The Murrieta Valley Unified School District Board of Education on Wednesday approved a proposed $198 million general obligation bond project list after more than an hour of public comment and trustee debate over timing, accountability and the list's level of detail. The board's recorded vote on the project list showed four trustees in favor and one opposed.
Jack Guerrero, a resident and certified public accountant, urged trustees to postpone the bond plan and criticized the project list as "sloppy and woefully inadequate," arguing the list's broad categories ("modernize, replace, repair and renovate") lack per-school budgets, milestones and limits on use. "Approving a project list seems premature," Guerrero told the board, listing concerns about incremental taxation, interest costs in a high-rate environment, the absence of detailed milestones and insufficient authority for the citizen oversight committee.
Several other commenters echoed those concerns; some teachers and parents supported the bond as a way to fix aging HVAC, portable classrooms and safety systems and to invest in science labs, CTE pathways and modernized facilities. Jennifer Sharp, speaking as a longtime teacher, said the measure would allow the district to maintain learning environments and she urged letting voters decide.
District staff and trustees defended the broad project list as necessary flexibility for unforeseen capital needs and said detailed projects and bidding would return to the board for approval. The superintendent and staff noted the district already uses a facility master plan and additional funding mechanisms such as CFDs for certain projects.

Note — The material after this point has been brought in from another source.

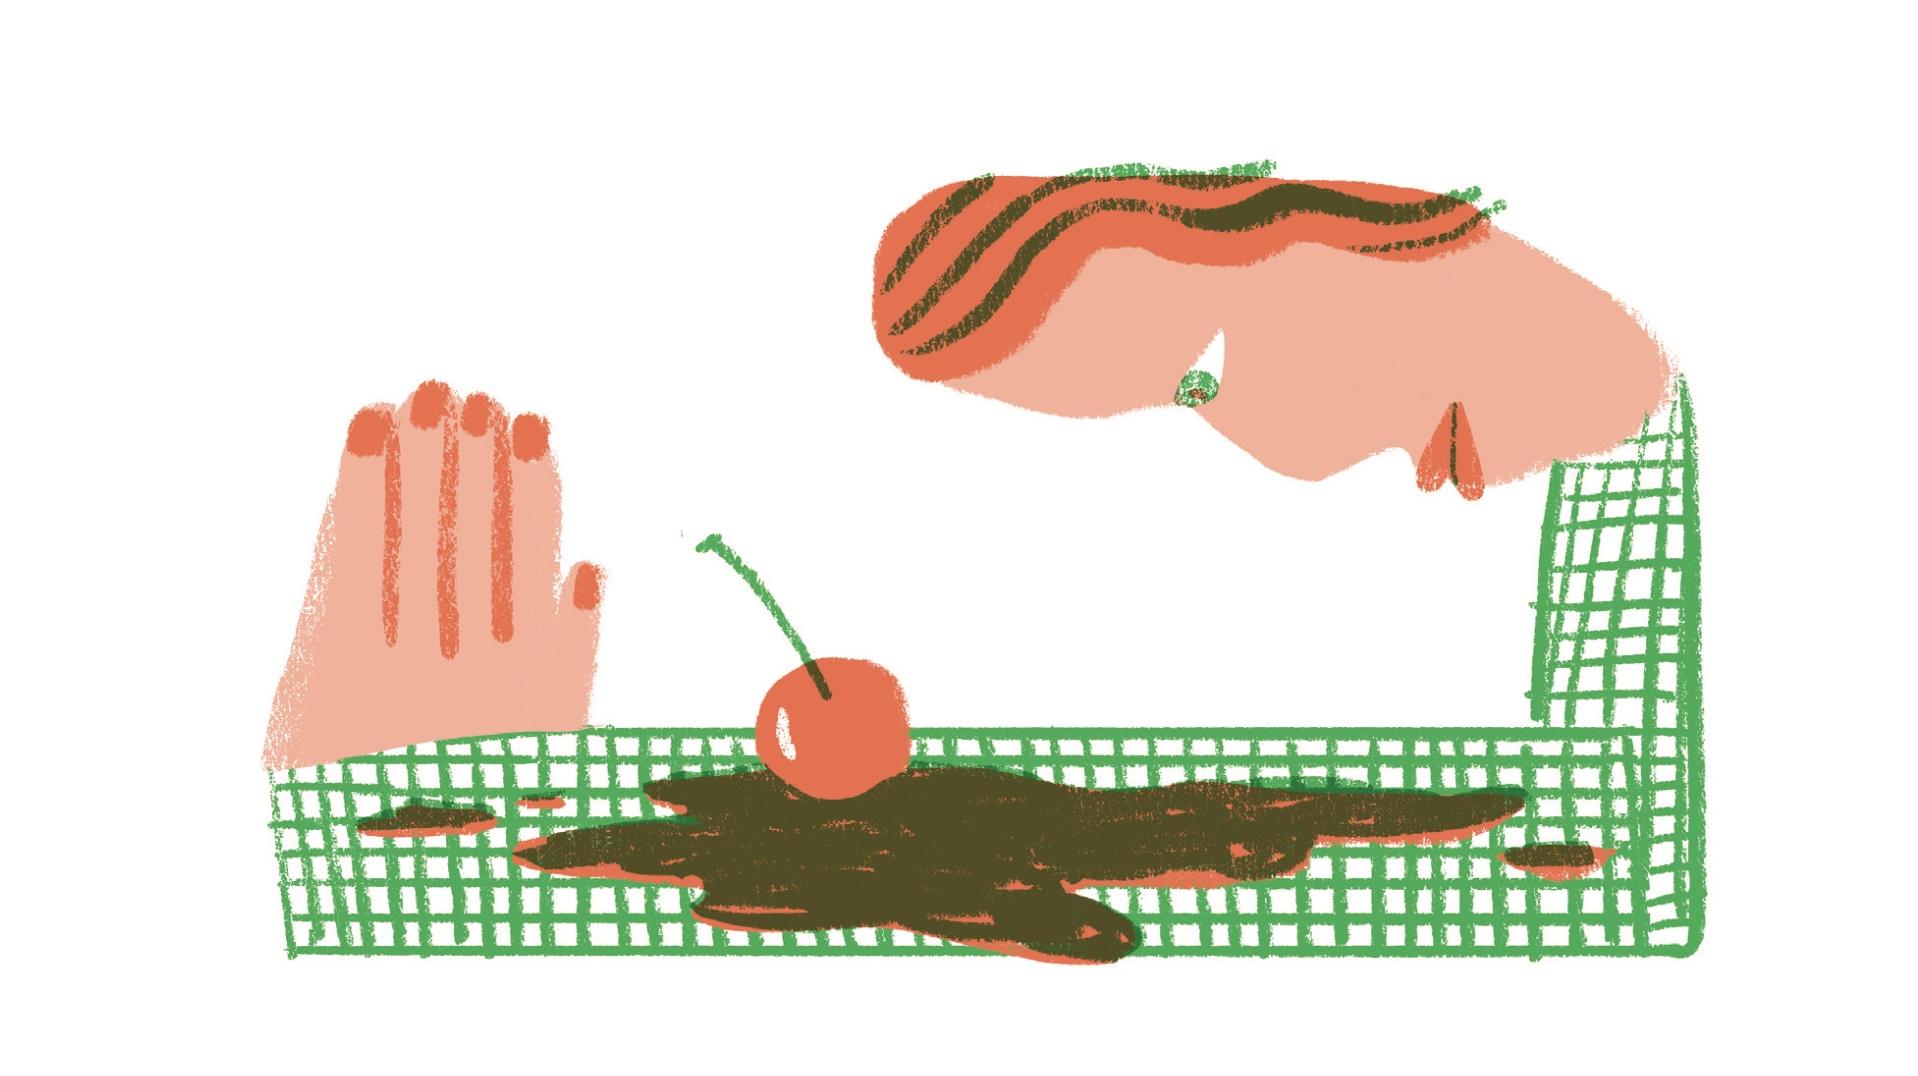 Spot illustrations by Lilli Carré (lillicarre.com)

The board then voted on the general obligation bond project list. The clerk recorded votes as: Mrs. L (yes); Mr. Parue (yes); Mrs. Vander (no); Mrs. Young (yes); Mr. Diffley (yes). After the vote the board adjourned at 7:28 p.m.
What it means: Approval of the project list allows the district to pursue placement of a bond measure on a future ballot and to continue facility planning; it does not itself authorize spending on individual projects, which will return to the board for formal approval and bidding.
Recorded actions: The board also approved routine consent calendar items, the 2024-25 meeting schedule, personnel reports, new high school course outlines and a student expulsion case during the meeting.